From Heikki Linnakangas
Subject Re: default_text_search_config and expression indexes
Date
Msg-id 46C1F52E.6070301@enterprisedb.com
Whole thread Raw
In response to Re: default_text_search_config and expression indexes  ("Mike Rylander" <mrylander@gmail.com>)
Responses Re: default_text_search_config and expression indexes  ("Mike Rylander" <mrylander@gmail.com>)
List pgsql-hackers
Mike Rylander wrote:
> This is just my $0.02 as a fairly heavy user of the current tsearch2
> code, but I sincerely hope you do not cripple the system by removing
> the ability to store tsvectors built using arbitrary configurations in
> a single column.  Yes, it can lead to unexpected results if you do not
> know what you are doing, but if you have gone beyond building a single
> tsearch2 configuration then you are required to know what you are
> doing.  What's more, IMO the default configuration mechanism feels
> very much like a CONSTRAINT, as Oleg suggests.  That point is one of
> cognizance, where if one has gone to the trouble of setting up
> multiple configurations and has learned enough to do so correctly,
> then one necessarily understands the importance of the setting and can
> use it (or not, and use explicit configurations) correctly.  The
> default config lowers the bar to an acceptable level for beginners
> that have no need of multiple configurations, and while I don't feel
> too strongly, personally, about having a default, I think it is both
> useful and helpful for new users -- it was for me.

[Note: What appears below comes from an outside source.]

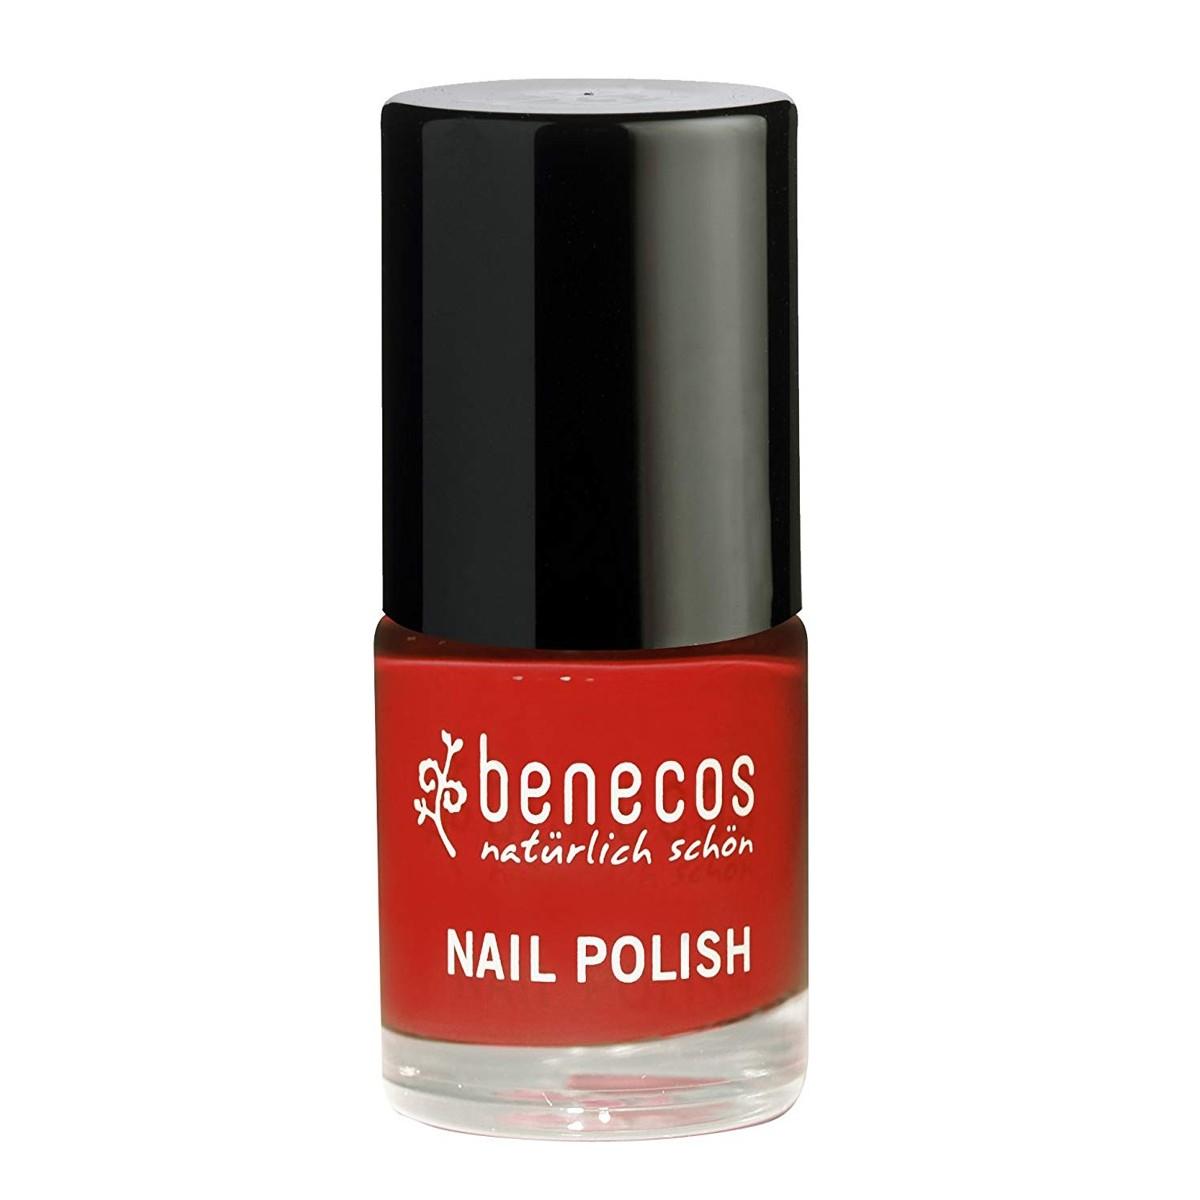 Benecos Nail Polish Vintage Red

Thanks for chiming in. As a disclaimer: I've never used tsearch2 in a
real application myself.

> My application (http://open-ils.org, which run >80% of the public
> libraries in Georgia, USA, http://gapines.org and
> http://georgialibraries.org/lib/pines.html) requires that I be able to
> search a corpus of bibliographic records in a mix of languages, and
> potentially with mixed stop-word rules, with one query.  I cannot know
> ahead of time what languages will be used in the corpus and I cannot
> restrict any one query to one language.  To accomplish this, the
> record itself will be inspected inside an INSERT/UPDATE trigger to
> determine the language and type, and use the correct configuration for
> creating the tsvector.  This will obviously result in a "mixed"
> tsvector column, but that's exactly what I need.  I can filter on
> record language if the user happens to specify a query language (and
> thus configuration), or simply rank the assumed (IP based, perhaps, or
> browser preference based) preferred language higher, or one of a
> hundred other things.  But I won't be able to do any of that if
> tsvectors are required to have one and only one configuration per
> column.

Don't you need to use the right configuration to parse the query into a
tsquery as well?

What you have is basically the classic problem problem of representing
inheritance in a relational model. You have a superclass, bibliographic
record, and multiple subclasses, one per language with one extra field,
the corpus in the right language. You've solved it by storing them all
in one table, with an extra column (language) to denote which subclass
the record is. Alternatively, you could solve it by using inherited
tables, or having one table per language with a foreign key referencing
the master table containing the other fields, or having a single table
with one nullable field per configuration, and a check constraint to
check that exactly one of them is not null.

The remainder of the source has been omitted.